稍早前执述太子那副恨不能随手拧断她脖子的凶狠劲儿,她如今想起还心下害怕得厉害,要不是平常神经大条训练有素,现在早躲在角落嘤嘤嘤了好吗?
还能苦中作乐地出来捕溪虾?
而看着袁洗马一脸坦荡荡,长年却是满满苦恼地揉着眉心。
带不动,真真是带不动……
袁洗马你到底是不是个姑娘家?你女性的柔媚到哪儿去了?能有空学学陛下后宫那些小妖精好吗?
「袁大人您太令奴才失望了。」长年恨铁不成钢。
「我觉得……」香芹犹豫了一下,还是鼓起勇气诚恳道,「长年总管你与其有时间在这边跟我扯皮,不如早点催促太子殿下正式娶个太子妃吧,别让太子殿下再误入歧……呃,再阴阳不协调下去了,不然憋久了,早晚变……那个态,你知道的。」
「……」长年欲哭无泪。
完全不想知道。
他一个三岁就被迫终结小鸡鸡的少年,为何要来扛这样的伤害啊啊啊!
但话说回来,此时此刻他终于能领略到殿下为何会骂袁大人没心了,就连他都很想大逆不道地跟着骂一句——
袁大人,您太渣了。
当初太子殿下的童子之身是被谁破的?
太子殿下又是为了谁,强硬抵挡住前朝后宫逼婚压力?又又是因为谁的失忆,导致如今的进退维谷局面?
若不是太医再三吩咐,务必不能强行刺激失忆患者,免得造成不可预测的重大伤害,太子殿下用得着时时拐弯抹脚、处处旁敲侧击,这般轻不得重不得吗?
为了护她周全,将她理所当然地留在身边,更不欲打草惊蛇,让她成为前朝后宫虎视眈眈的对象,殿下甚至不惜甘冒天下之大不韪,暗中张罗伪造了她女扮男装的东宫洗马身分……
太子殿下贵为天皇贵胄一国储君,却为一个小女子费尽心思关怀备至到这种地步,可换来的却是袁洗马的满眼陌生闪闪躲躲。
总之,殿下太可怜了呜呜呜。
「袁大人,你太辜负殿下了。」长年越想越愤慨,「难道太子殿下的一片心,你都感觉不出吗?」
香芹真是有苦难言。
「长年总管你不懂……」她叹气。
「袁大人不用再解释了。
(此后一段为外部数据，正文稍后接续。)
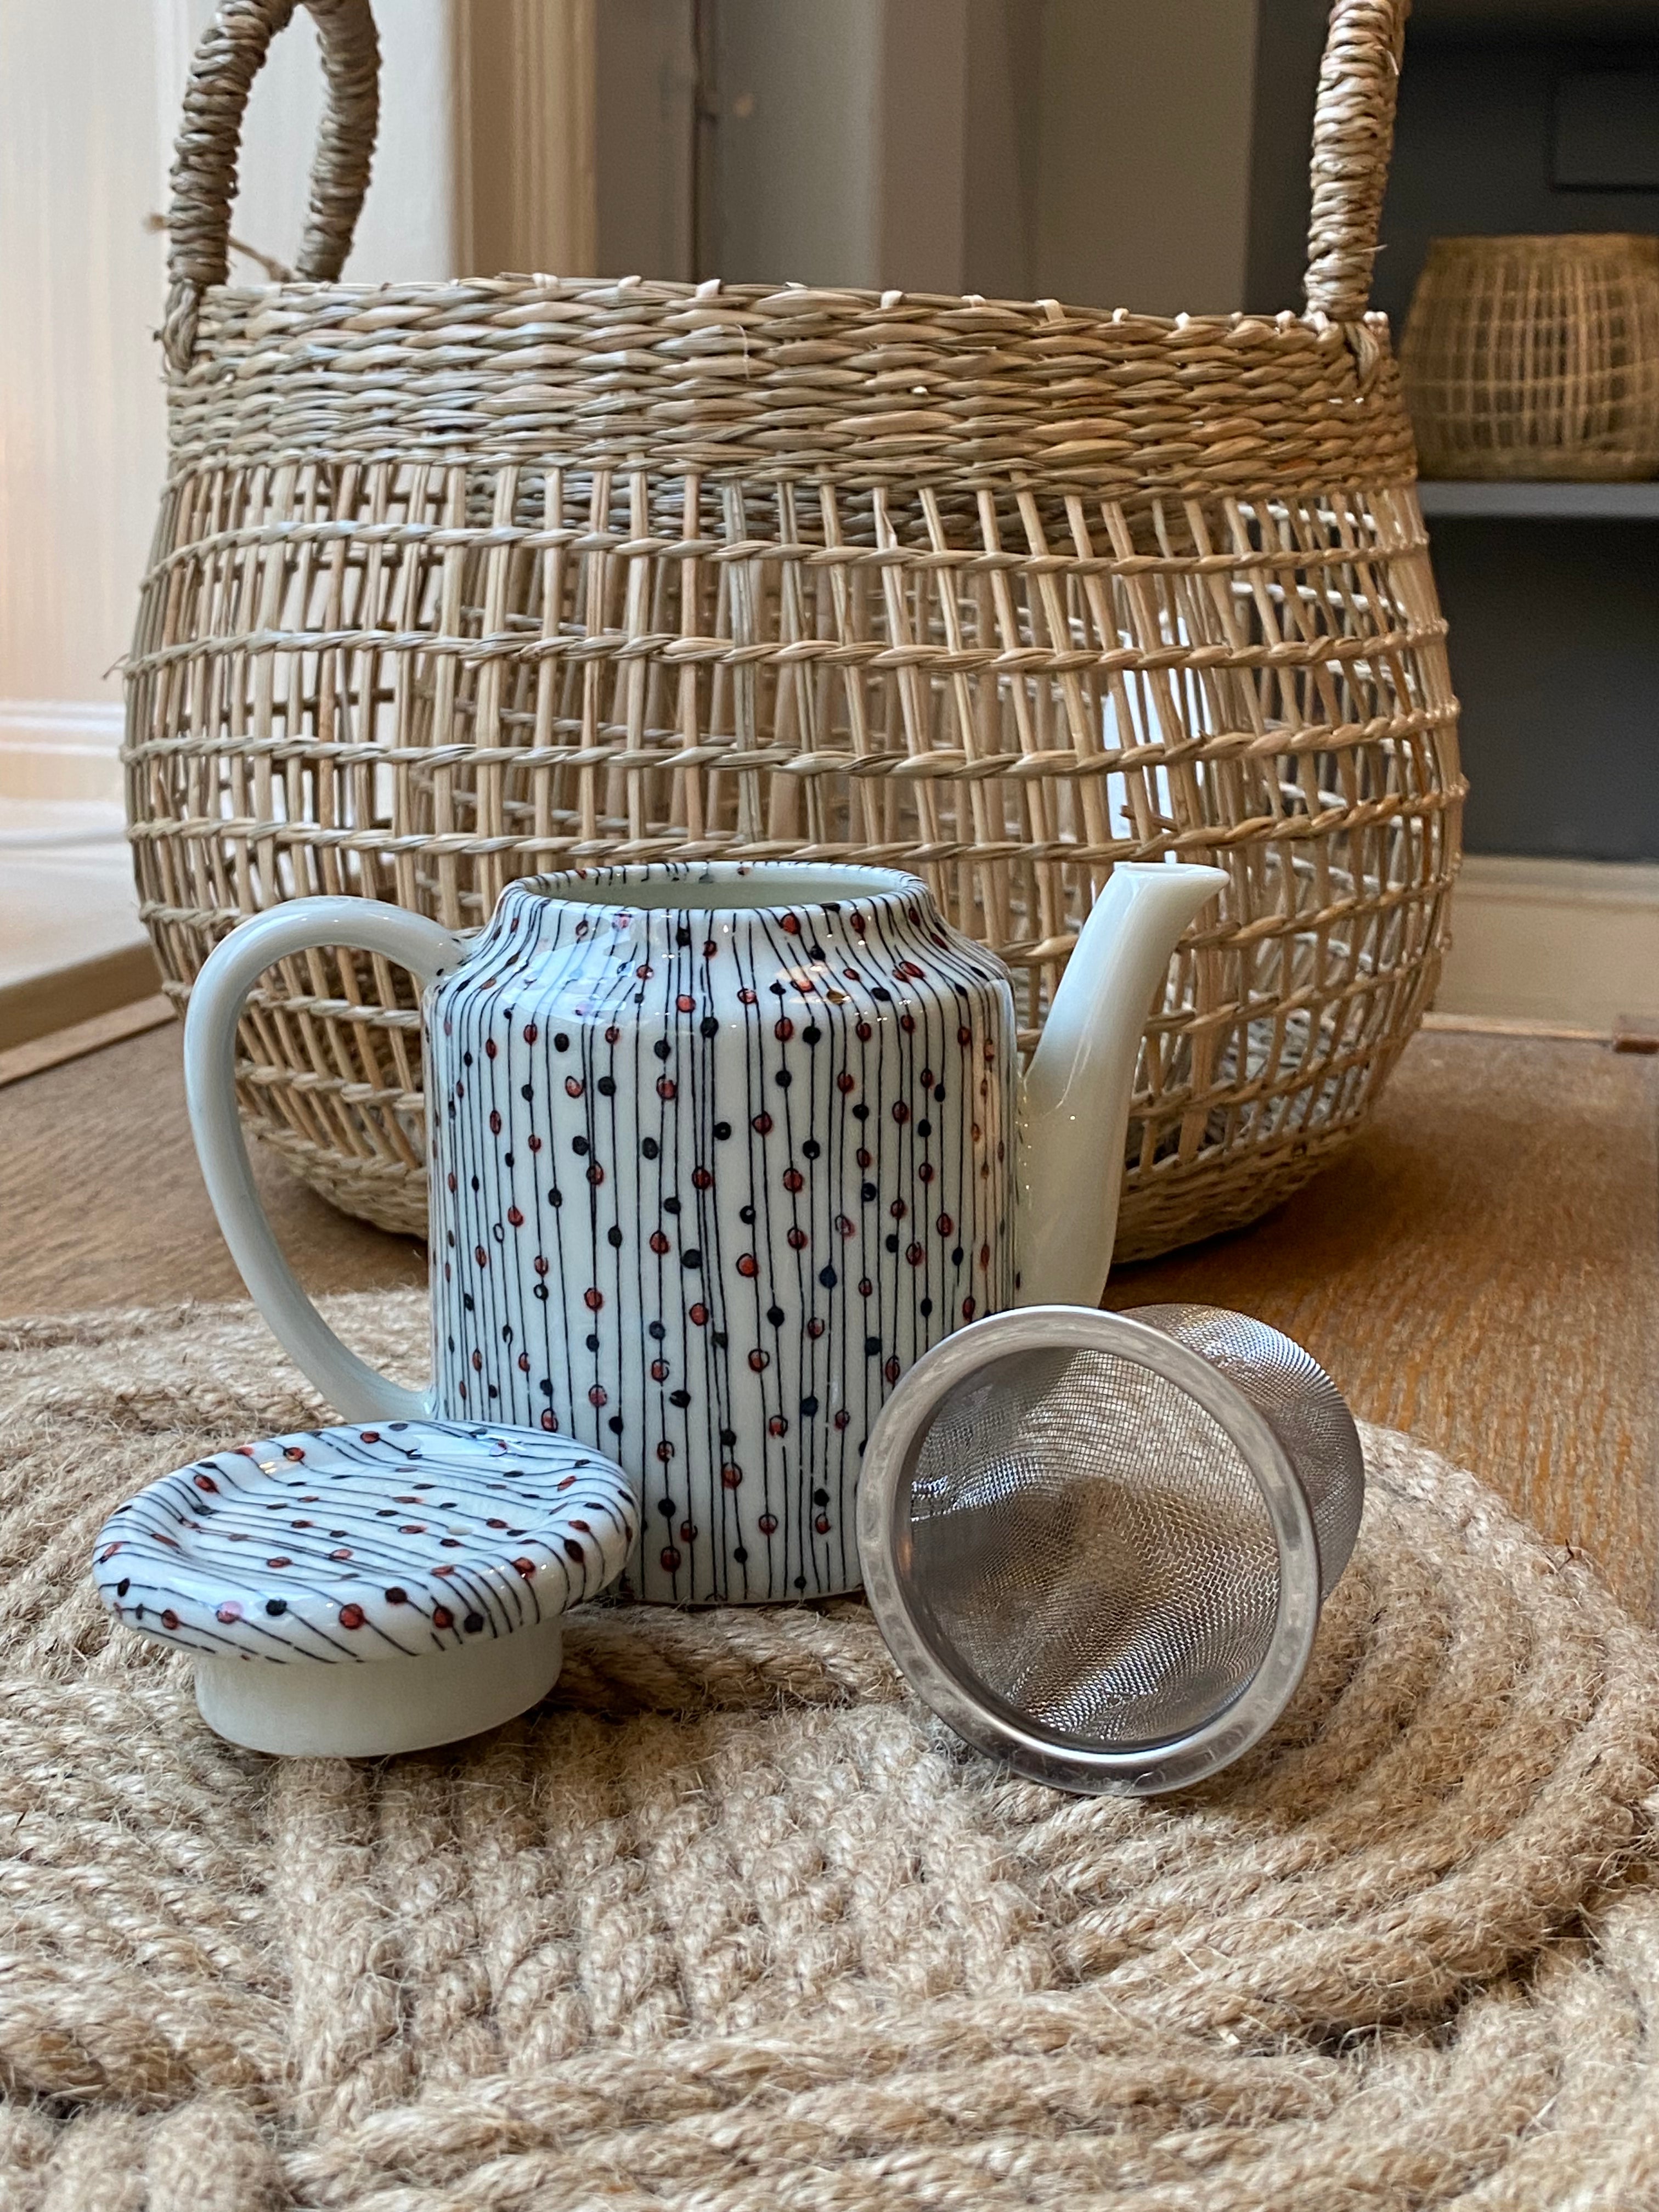 Small teapot with lines and dots

」长年气鼓鼓。
香芹从他几欲气哭、满满指控的红红眼睛中看出,好像自己当真曾经对他们主仆二人,做下了什么始乱终弃又罄竹难书的恶行。
……可我明明什么都没做呀!
她忽然脑中灵光一闪——
不,也许跟太子殿下产生过种种纠葛的,本来就是这具身体的原主人?
香芹倏地睁大了双眼……
那就说得通了!
难怪太子殿下对她格外包容,虽然有时天威莫测了点,严厉难搞了点,但大多时候都是默默在关照着她,还给她很多好吃的,还偶尔情不自禁对她流露出一两句温柔的话,举止也在不经意间亲昵一两分……
原来,他是「好」错人了。
她呆呆地,手中的虾篓落进溪水里漂走了也浑然不知。
清凉山甘泉宫夏令营一点都没有想像中的好玩。
一连两日,太子那头无声无息,连长年也气到不跟她这个朽木理论。
而因为「发现了真相」的香芹,也从此闭门拒绝随行官员同僚们串门子、赏玩风景、吟诗作对、曲水流觞的邀约,天天都呈现史莱姆状态瘫在屋里装死。
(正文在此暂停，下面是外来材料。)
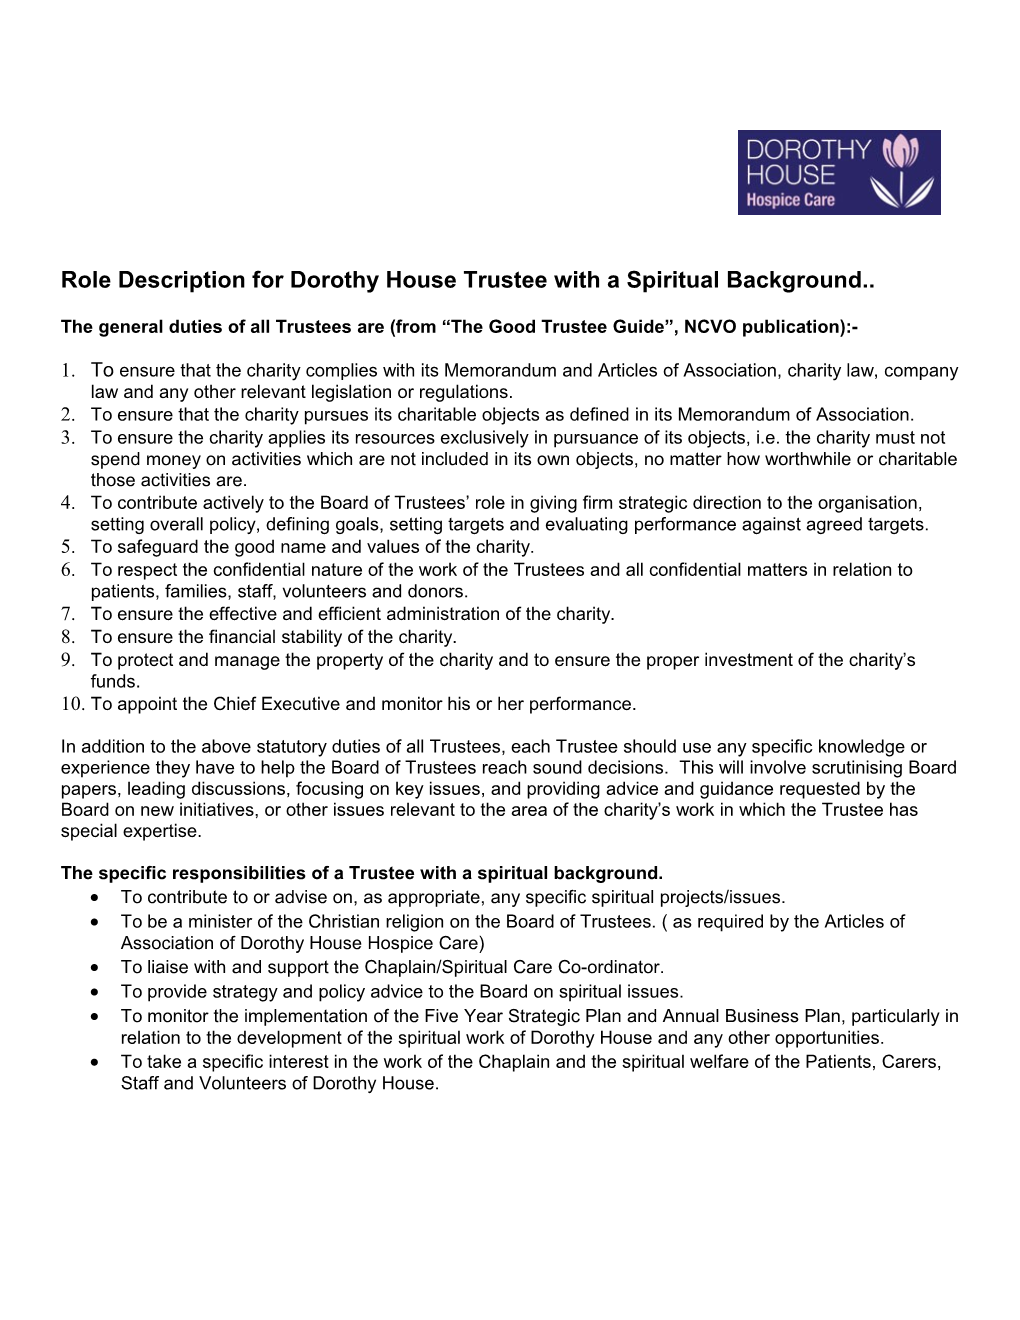 Role Description for Dorothy House Trustee with a Spiritual Background

……大有一种「毁灭吧,赶紧的,我想被这个世界遗忘」的颓废风。
第三天早上,她吃完了宫女们送来的槐叶冷淘(槐叶汁凉面)后,虽然觉得清新爽口的滋味充盈唇齿之间,令人有暑气大消之感,可肚子沉甸甸地饱了,心口依然是空荡荡地发凉。
「唉。」她再度心情沉重地叹了一口气,两眼无神。
总觉得,浑身哪里都不对劲,郁郁闷闷的提不起精神来……
香芹望着窗外明媚如画的景色又发起了呆。
「——不对,我叹气个屁啊?」
之前不是还想着要跟执述太子保持距离以策安全吗?
现在知道了太子的情谊本来就是给原身的,而不是给自己,那不是正正好吗?
所以别再耍废了,她再这样下去,早晚会变成连自己都鄙视的那种提不起又放不下的矫情女!
现在的状况,不就是类似发生了——小美人鱼救下的王子误会了我是小美人鱼本鱼,所以对我千般好万般好但万万没想到其实我不是小美人鱼而是邻国公主——的荒谬感吗?
换言之,就是她的顶头上司大老板执述太子,他这三个月终究是错付了……
而她这个后来者手捧着这堆不属于自己的丰厚受益,既亏心又烫手,自然也难免……会有些失落。
她这几天这么消极丧气,完全就是基于这个原因吧。
「振作!」香芹深吸口气,猛地直起身握拳,「袁香芹,加油!老板可以换,工作没了再找,有骨气点,别贪图不属于自己的业绩!君子爱财取之有道,你行的!」
她努力甩去心头那一团乱絮,认真分析起眼下情势,也研究起在职转业的可能性和未来方向。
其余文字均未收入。